Truth is a controversial concept. Some deny its existence altogether – which would be a truth in itself. Others see it as a fundamental belief, call it "knowledge," and have a hard time understanding why others seem to overlook it. But everyone understands that there can be a difference between what one says, what one believes, and what one knows. And which of these takes precedence when it matters.
What
matters?
If you know
you are sitting on a chair and someone else comes in and says you are sitting
on a ball, how can you tell which is true? By what you feel as you sit? By what
you see? Or by what you remember from the last time you came out of the
restroom? Probably all three. Three points of view against one will have to do.
But if you
meditate blindfolded and haven't been outside for a long time, are you so sure?
Yes? You can still feel the ground that, in your experience, belongs to a
chair. You allow that oneness of feeling and experience to take precedence
again. The other person is wrong.
What
happens when he puts the seat thing under you blindfolded and it feels funny?
He talks about "ball" again. You hardly have anything to compare it
with.
Now you
have doubts and are inclined to believe him, aren't you? Trusting others now
counts more than personal impressions.
And if you don't trust him? Then your only option
is to take off the blindfold and make your own impression. Why do you prefer
that impression? Because it is closer
to you, the affected person. Therefore, it is more intense, more credible than
the other person's talk.
It now
turns out to be a futuristic new piece of seating furniture, the classification
of which is open to debate.
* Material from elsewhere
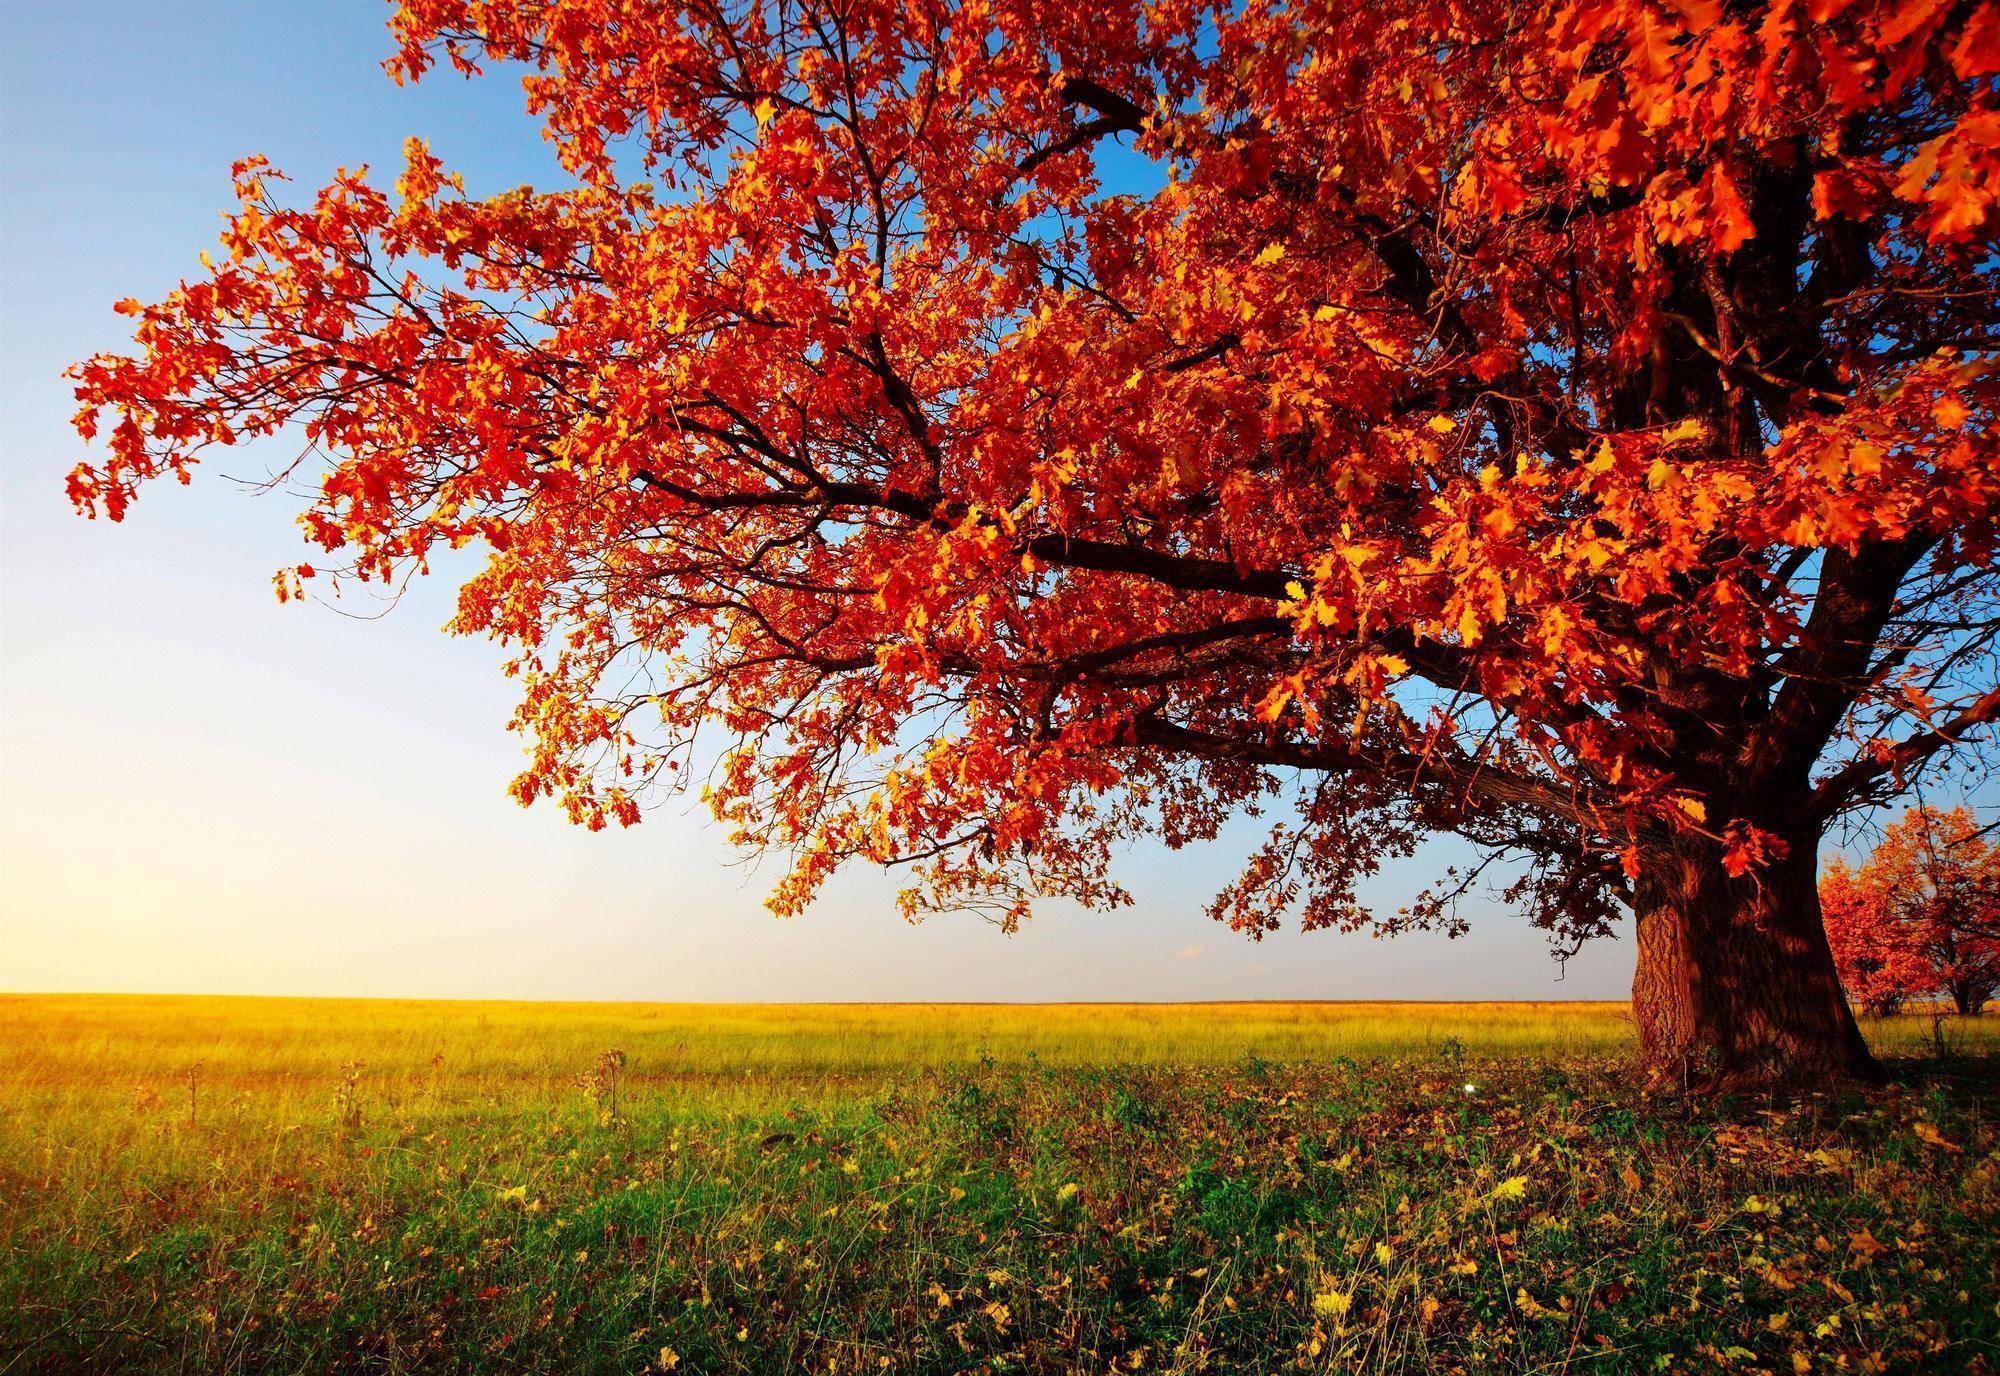 Hình nền cây mùa thu: Những cây lá rực rỡ mùa thu luôn mang lại cảm giác ấm áp và gần gũi với thiên nhiên. Hãy sử dụng những hình nền cây mùa thu đẹp mắt của chúng tôi để tạo không gian làm việc sống động và đầy cảm hứng.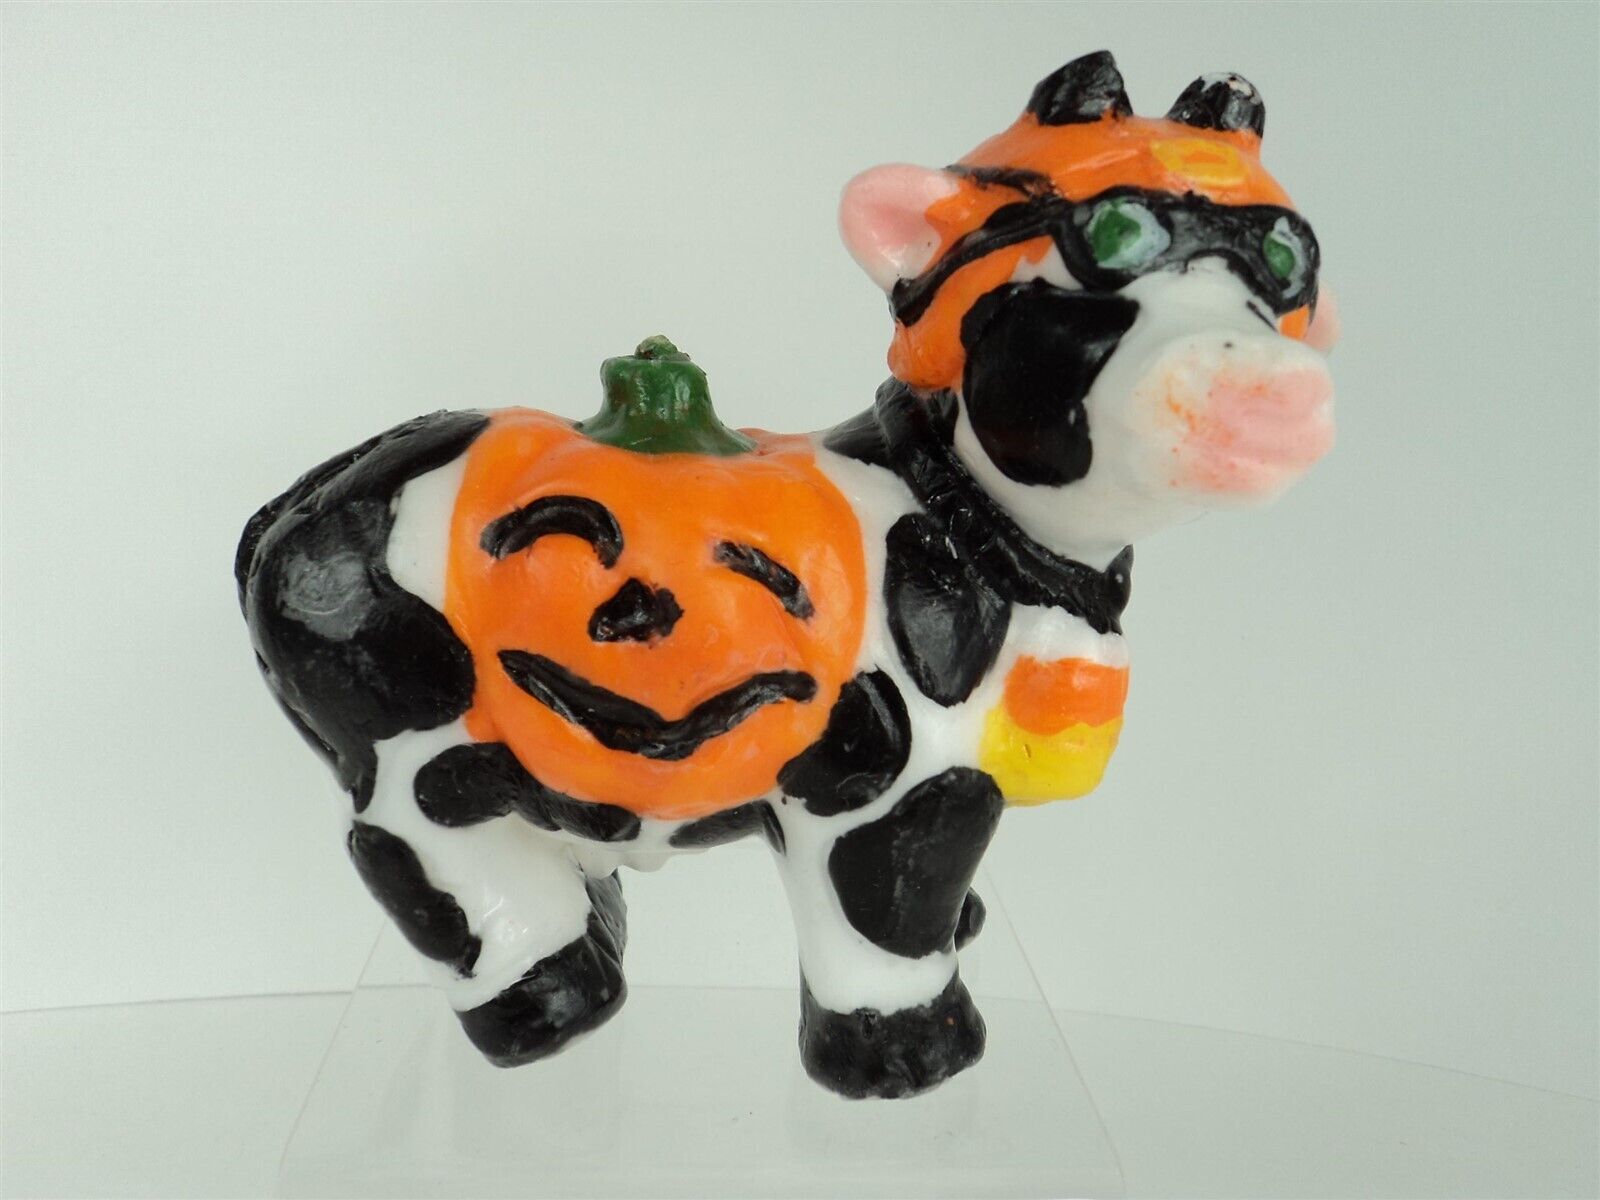 Cow in pumpkin halloween costume

Fortunately, another colleague arrives and thinks
it looks ball-like. The colleague from next door also arrives and defines it as
a ball. And it will probably go down in office history as such, because that is
the summary of the majority of points of view.
If, on the
other hand, you insist on sitting in a chair, you will eventually find it
difficult to be taken seriously. This is because you are not in harmony with the general perception.
Nor was the first ball representative in harmony with your triple chair
impression (feel, see, remember), about which you were probably right at the
time.
So what is
true? What most points of view can be summarized as, and what is closer to the
person affected.
But what if
one contradicts the other? Here it is important to investigate why this is the
case and what the greater harmony would consist of. If someone wants to find
the truth, he must be open to as many
points of view as possible and include them all. By staying close to the object
of investigation, he has a good chance of crystallizing the best possible
knowledge.
If he can convince others in this way, the summary
of points of view will shift closer to his own. "Obviously he is
right." But if he can only convince them later, he may have been right in
retrospect, because the others had
restricted the flexibility of their
own point of view too much – and now realize it. This is how we work our way
toward an ever more comprehensive truth.